Here’s the final trained model after about 45 hours of training on 8x NVIDIA A100 on Lambda Labs.
As the hourly cost of 8x NVIDIA A100 on Lambda Labs is $8.80, the total cost is $ 400. You can stop your pretraining earlier if you want to spend less money on that.
Here’s the training report on Weights and Biases. The following report shows that the training loss decreased relatively smoothly as iterations passed.
Inference
Once the pre-training process is complete, we proceed with the inference stage to observe our model in action and evaluate its capabilities. As specified, the Trainer
will store the intermediate checkpoints in a designated directory called ./GPT2-scratch-openwebtext
. The most efficient approach to utilize the model involves leveraging the Transformers pipeline functionality, which automatically loads both the model and tokenizer, making them ready for text generation.
Below is the code snippet that establishes a pipeline object utilizing the pre-trained model alongside the tokenizer we defined in the preceding section. This pipeline enables text generation.
from transformers import pipeline
pipe = pipeline("text-generation",
model="./GPT2-scratch-openwebtext",
tokenizer=tokenizer,
device="cuda:0")
The pipeline object leverages the powerful Transformers .generate()
method internally, offering exceptional flexibility in managing the text generation process. (documentation) We can use methods like min_length
to define a minimum number of tokens to be generated, max_length
to limit the newly generated tokens, temperature
to control the generation process between randomness and most likely, and lastly, do_sample
to modify the completion process, switching between a greedy approach that always selects the most probable token and other sampling methods, such as beam search or diverse search. We only set the num_return_sequences
to limit the number of generated sequences.

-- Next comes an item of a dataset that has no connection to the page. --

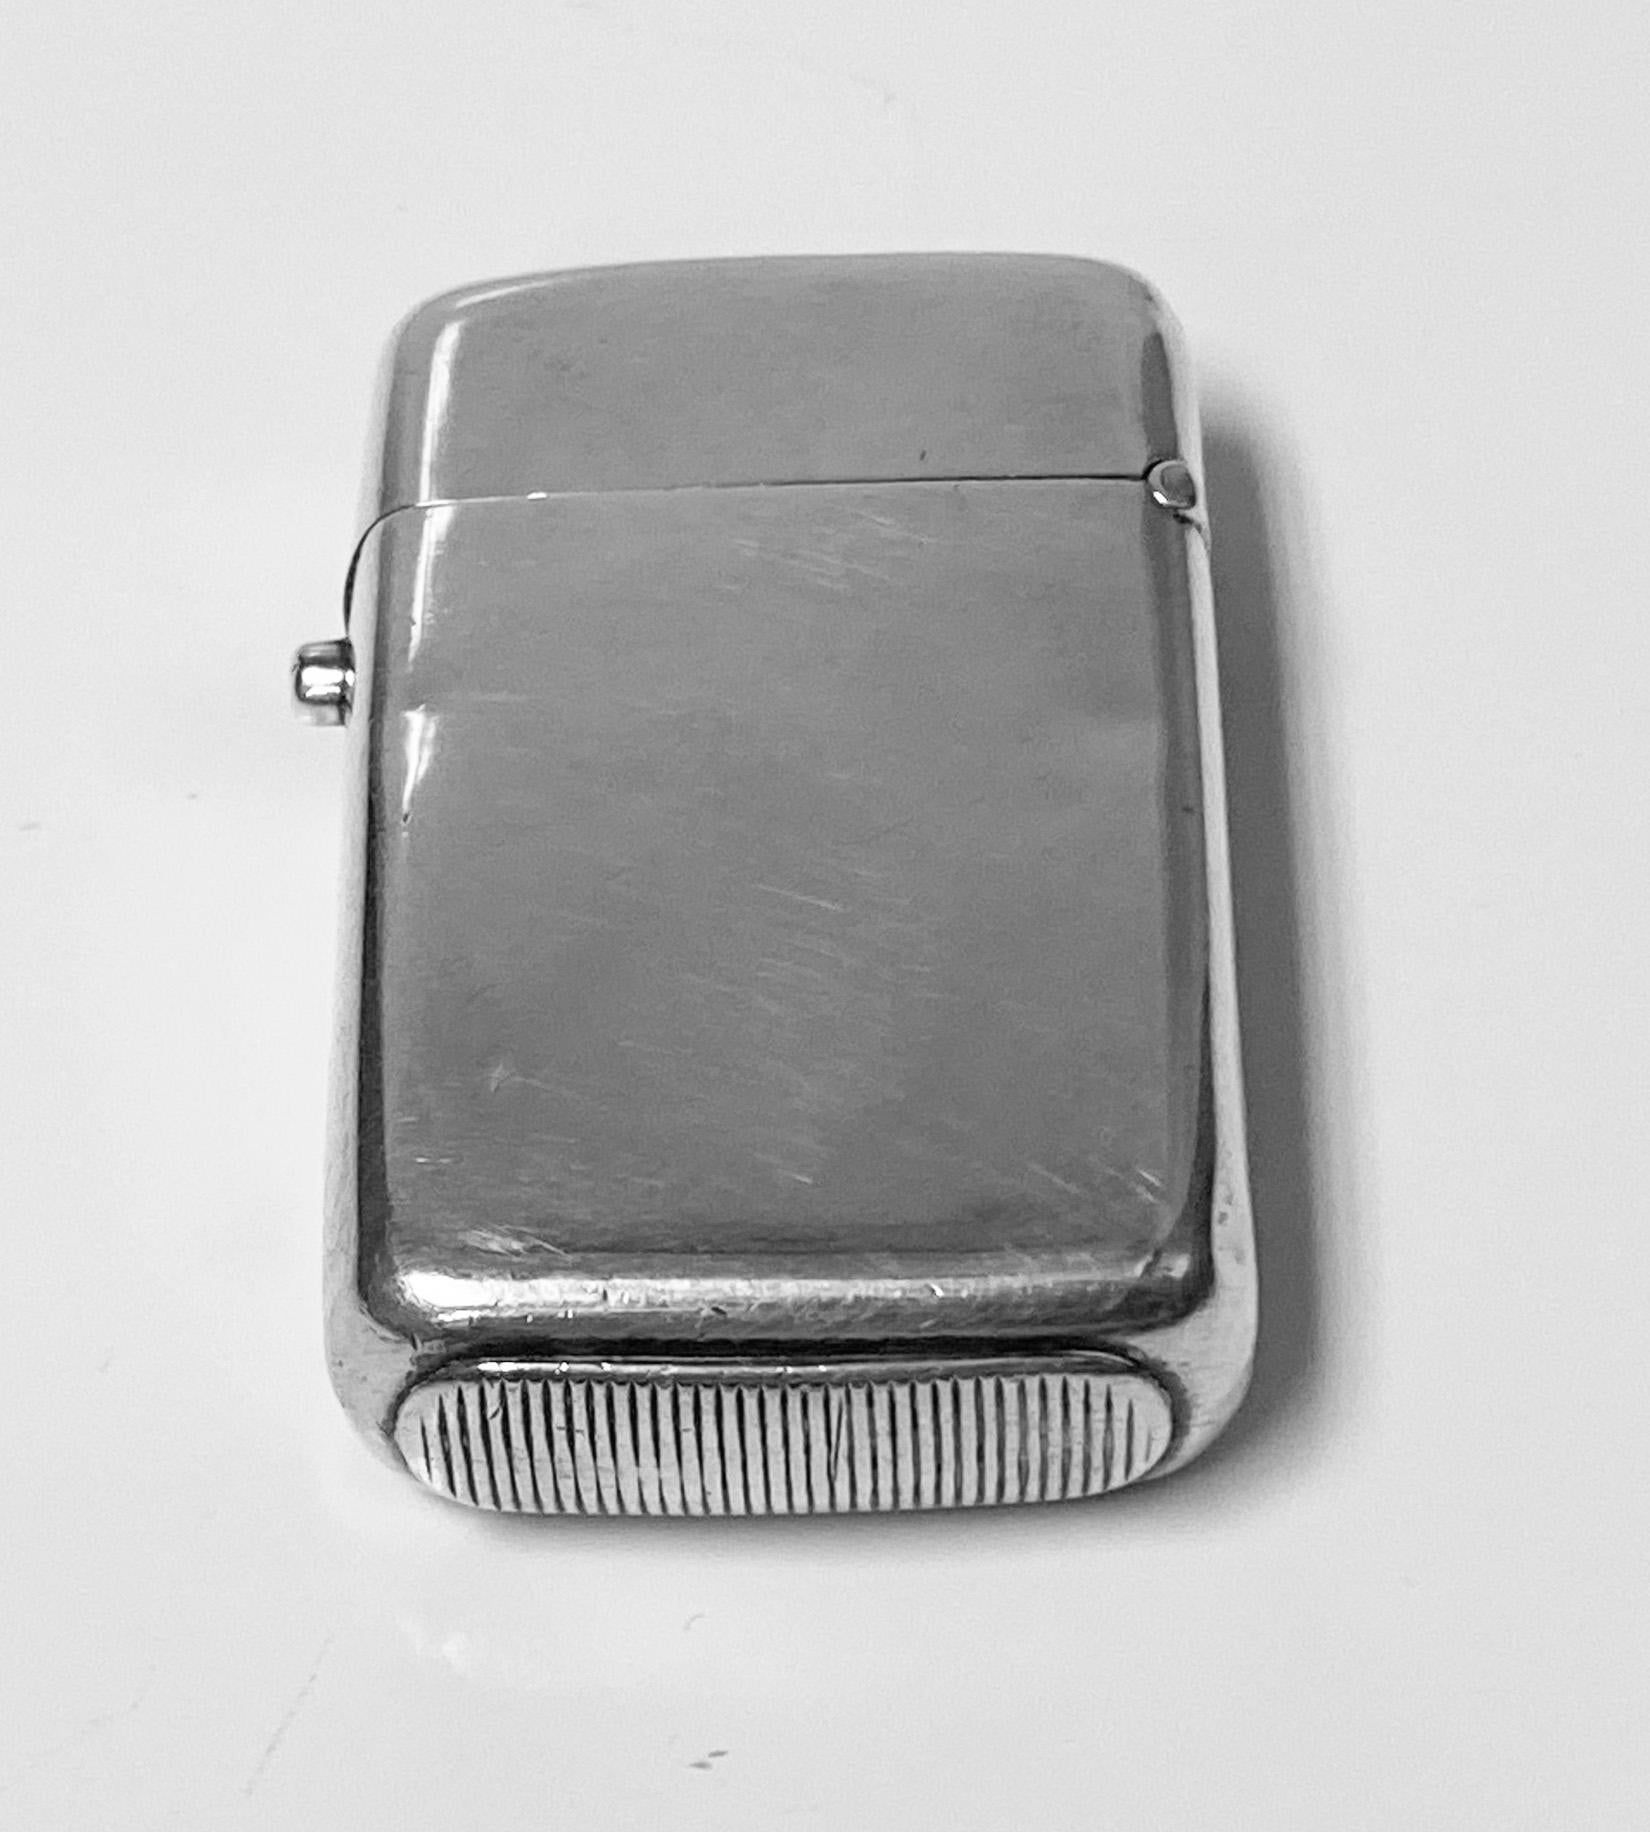 Antique silver Vesta London 1876 William Summers. Plain rectangular form, striker on base, one side engraved possibly JMC 1878. Measures: 1.75 x 1.00 inches. Item Weight: 24.90. Good thick guage of silver, nice patina.
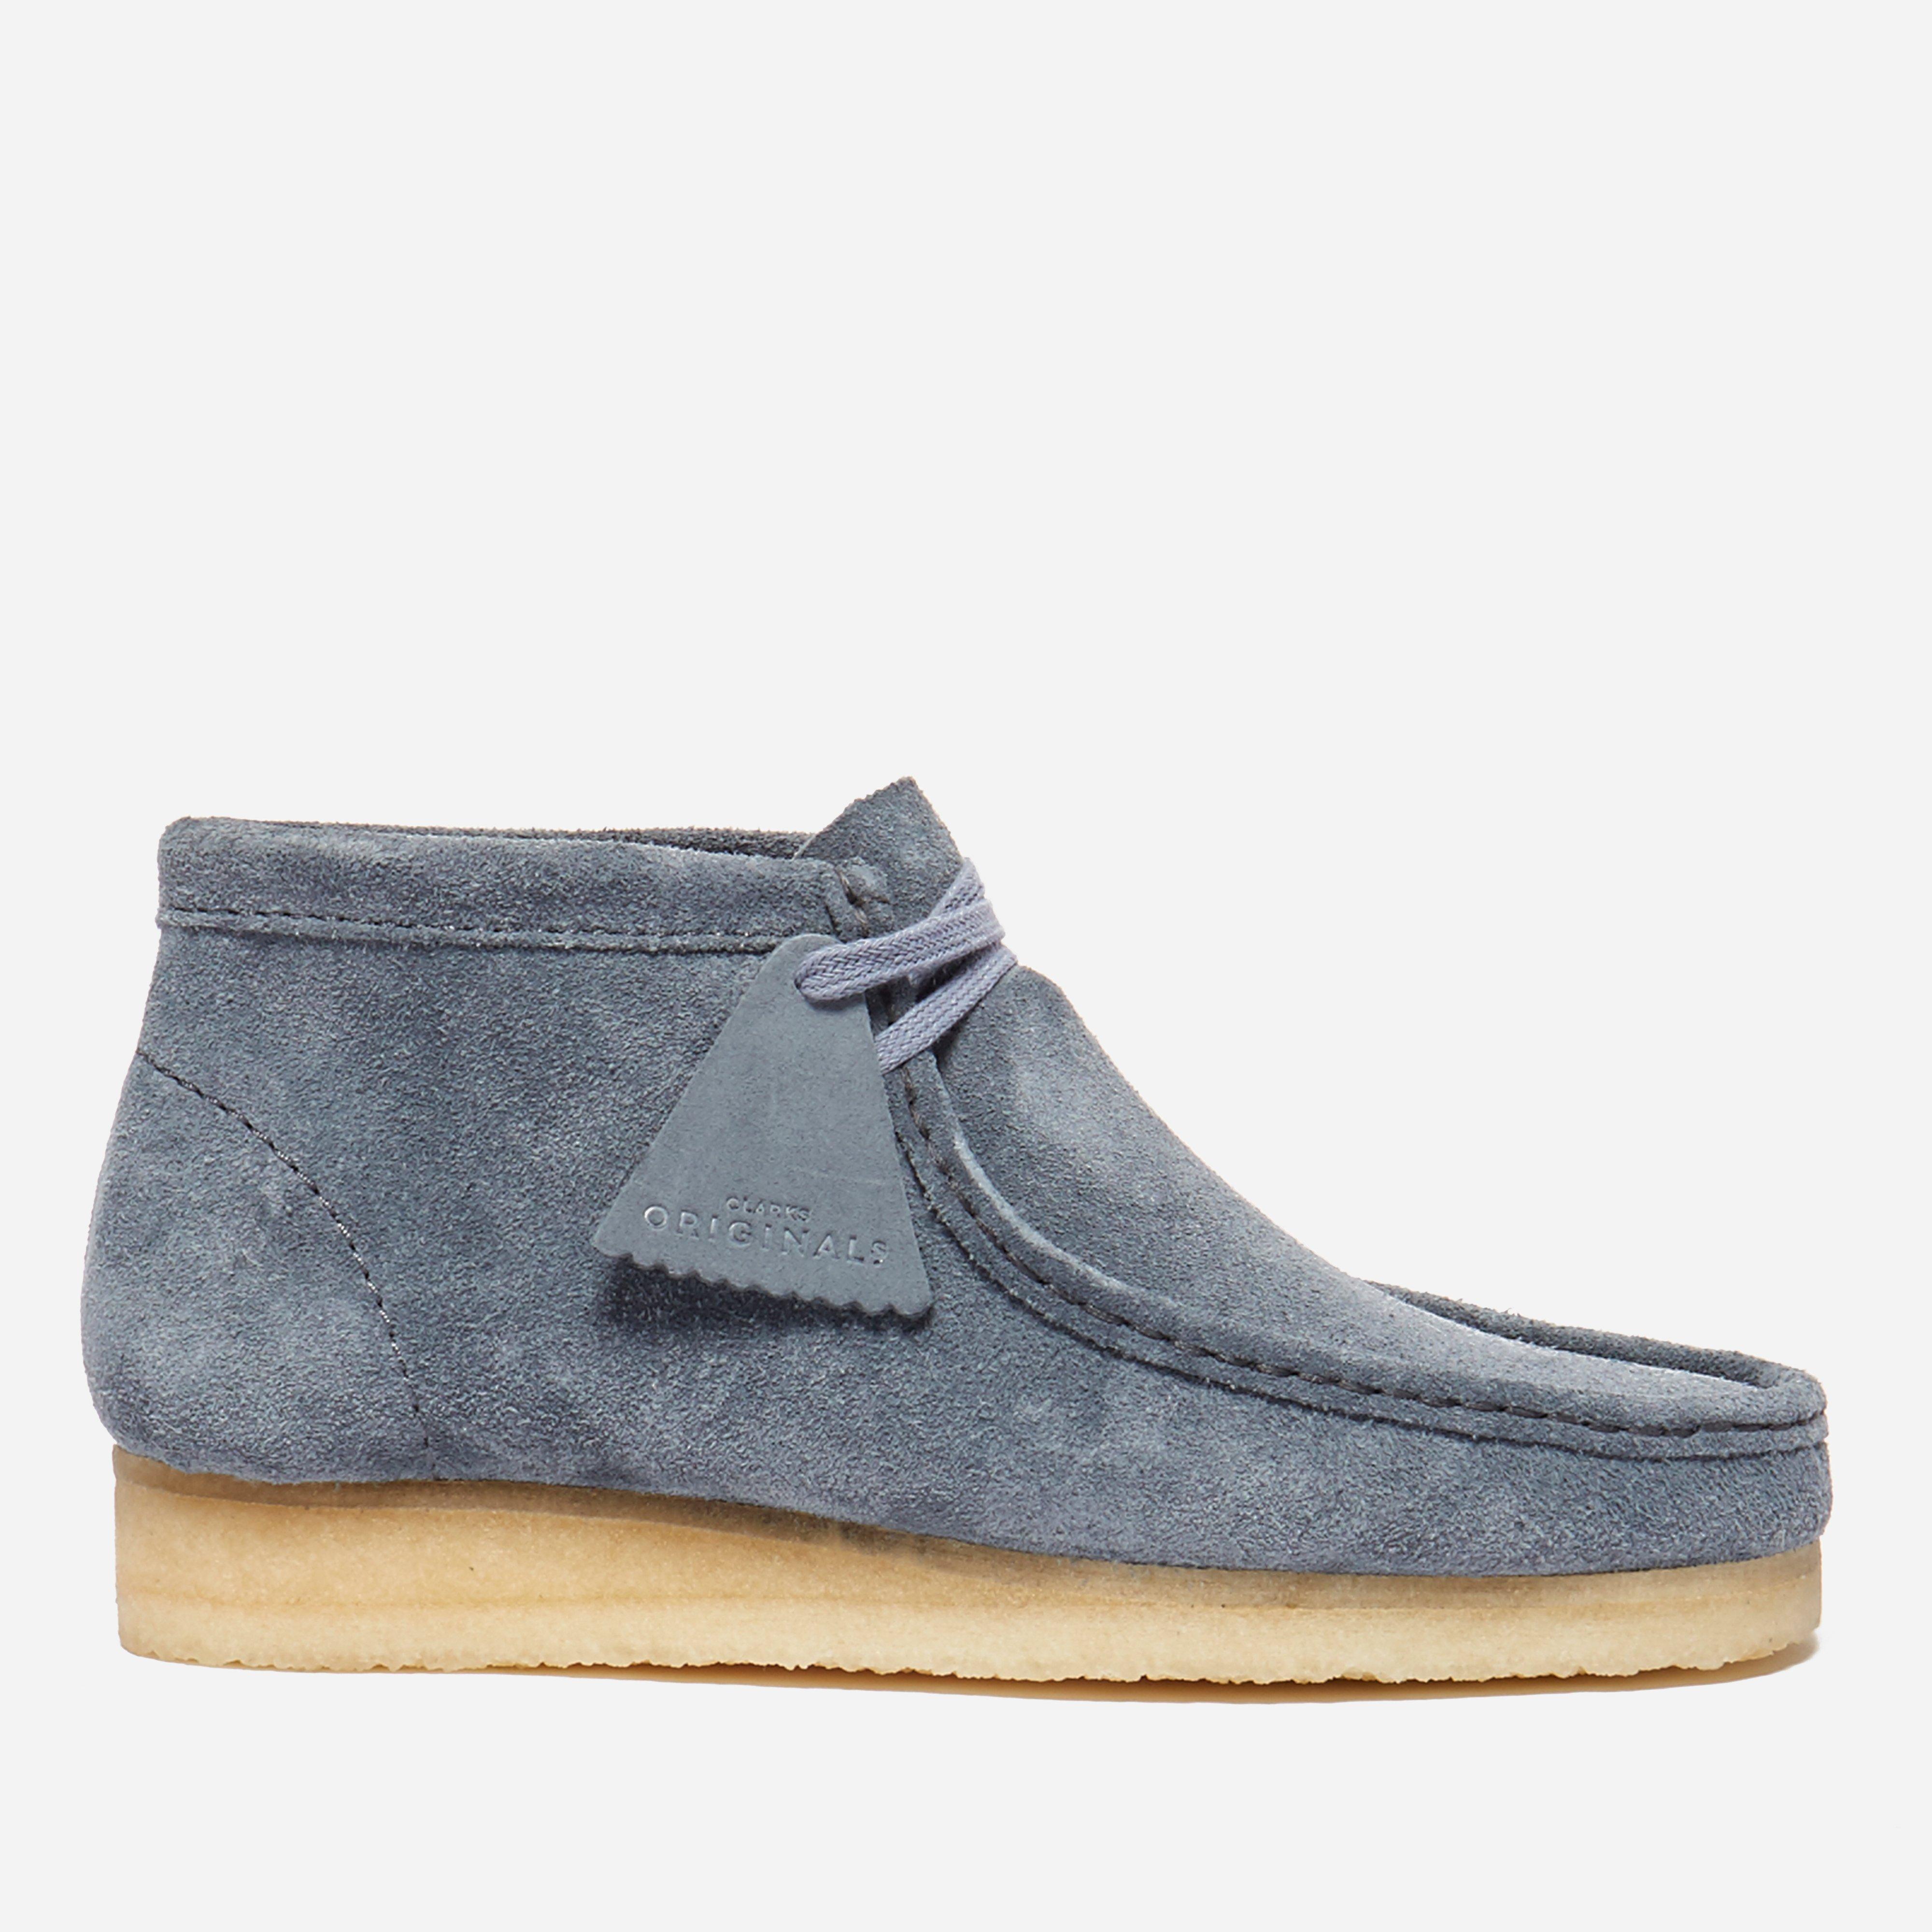 Clarks Suede Wallabee Boot in Blue for Men - Lyst

txt = "The house prices dropped down"
completion = pipe(txt, num_return_sequences=1)
print(completion)
[{'generated_text': 'The house prices dropped down to 3.02% last year. While it was still in development, the housing market was still down. The recession hit on 3 years between 1998 and 2011. In fact, it slowed the amount of housing from 2013 to 2013'}]
The code will attempt to generate a completion for the given input sequence using the knowledge it has acquired from the training dataset. It aims to finish the following sequence: The house prices dropped down
while being relevant and contextually appropriate. Even with a brief training period, the model exhibits a good grasp of the language, generating grammatically correct and contextually coherent sentences.
Conclusion
Throughout this lesson, we gained an understanding of the fundamental steps required to train your own language model. The steps involve loading the relevant training data, defining the architecture, scaling it up as per your requirements, and, finally, commencing the training process. As previously discussed, there is no need to train a language model from scratch in many cases. In the upcoming module, we will cover the fine-tuning process in greater detail, enabling you to harness the capabilities of existing powerful models for specific use cases.